The political panda

Our obsession with the bamboo-loving ‘cat bear’ tells us much about the modern world and our place in it, says Henry Nicholls. 

Political panda article spread


Given the giant panda’s huge popular appeal, the symbolic role with which we have invested the creature, its ability to raise capital, the academic effort that’s been devoted to understanding its biology, and the willingness of politicians to commit to its conservation, the panda was probably always going to have a fascinating human history.

Even so, it is still rather satisfying that its changing fortunes should mirror the balance of economic and political power as it shifts from West to East.

Panda power
As modern China has grown in stature and strength, so, too, the fate of its national treasure is looking increasingly secure.
The penalty for poaching pandas is among the toughest imposed for any wildlife crime anywhere: China’s Wild Animal Protection Act of 1989 rules that anyone caught bumping off a panda – or even smuggling a skin – would face at least 10 years in prison, the possibility of life behind bars or, in extreme cases, death.
A nationwide logging ban imposed in 1998 has made it possible for the country’s State Forestry Administration to expand its network of protection for wild pandas.
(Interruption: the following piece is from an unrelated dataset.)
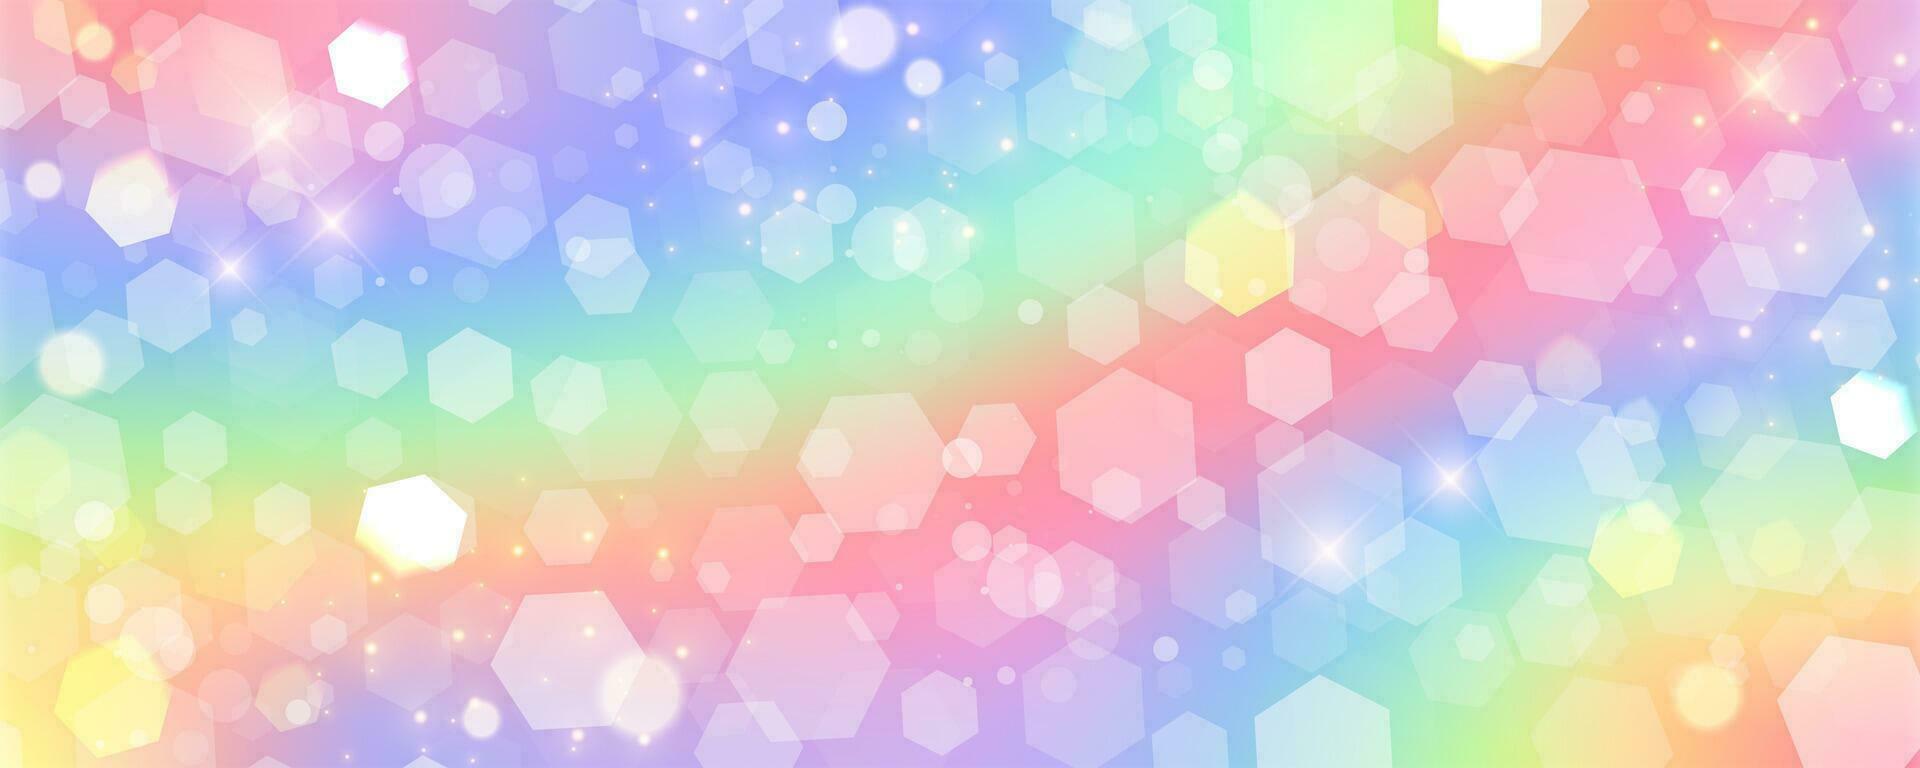 enhörning regnbåge bakgrund med glitter stjärnor och hexagoner. söt nagic pastell mönster. magi drömma holografiska himmel. vektor

There are now more than 60 dedicated reserves that cover over 70 per cent of the suitable habitat and ring-fence about half of the wild panda population.
At the last count, it was estimated that there could be around 1,600 adult pandas left in the wild, a population that shows a surprisingly high level of genetic diversity. In short, while China remains strong the long-term prospects for the panda’s survival are also good.
If, through some human failing, wild pandas do disappear from the remote pockets of bamboo that they still call home, one thing is certain. The species’ rise to global superstardom over the course of the past 140 years, propelled by its unparalleled ability to reproduce its image in human minds, guarantees that it will live on in our global culture for as long as we can sustain one.
Newborn pandas are tiny compared with most species in the order Carnivora. Each one weighs 90–130g, roughly 1,000th the body mass of its mother.
Efforts to release captive-bred pandas in the wild have so far come to nothing.
  • A decade ago, the China Conservation and Research Centre for the Giant Panda (CCRCGP) near Wolong Nature Reserve in Sichuan Province began to lay plans for the first reintroduction of a captive-raised giant panda to the wild.
  • In 2003, staff started preparing a young male, Xiang-Xiang, for a life without humans, gradually increasing the size of his enclosure and his dependence on wild bamboo. In 2006, amid much media fanfare, he was radio-collared and let loose. But tragedy struck: he was dead within a year, his injuries suggesting that he had been in a scrap with another panda.
  • The setback resulted in a total rethink of the reintroduction protocol. This year, the CCRCGP released four pregnant, captive-reared pandas into a large fenced area of bamboo forest. The hope is that their future cubs will have a better chance of survival than poor Xiang-Xiang.
No expense is spared in the attempt to learn more about panda biology.
  • Captive pandas are the subject of a vast amount of top-class research, work that has transformed the initially faltering efforts to breed this species in captivity.
  • In particular, studies have revealed that smell is probably the panda’s most finely tuned sense. Like many mammals, pandas leave olfactory calling cards throughout the forest, from which others can establish the identity of the individual and its reproductive status, and get a feel for its proximity.
  • Armed with this knowledge, custodians of pandas now manipulate odours in their enclosures, thereby improving the incidence of natural mating between paired pandas. In addition, research into nutrition has led to an improvement in the health and welfare of adults, while keeping newborn cubs on an exclusive diet of milk for a year or more before switching to solid food has significantly improved their chances of survival.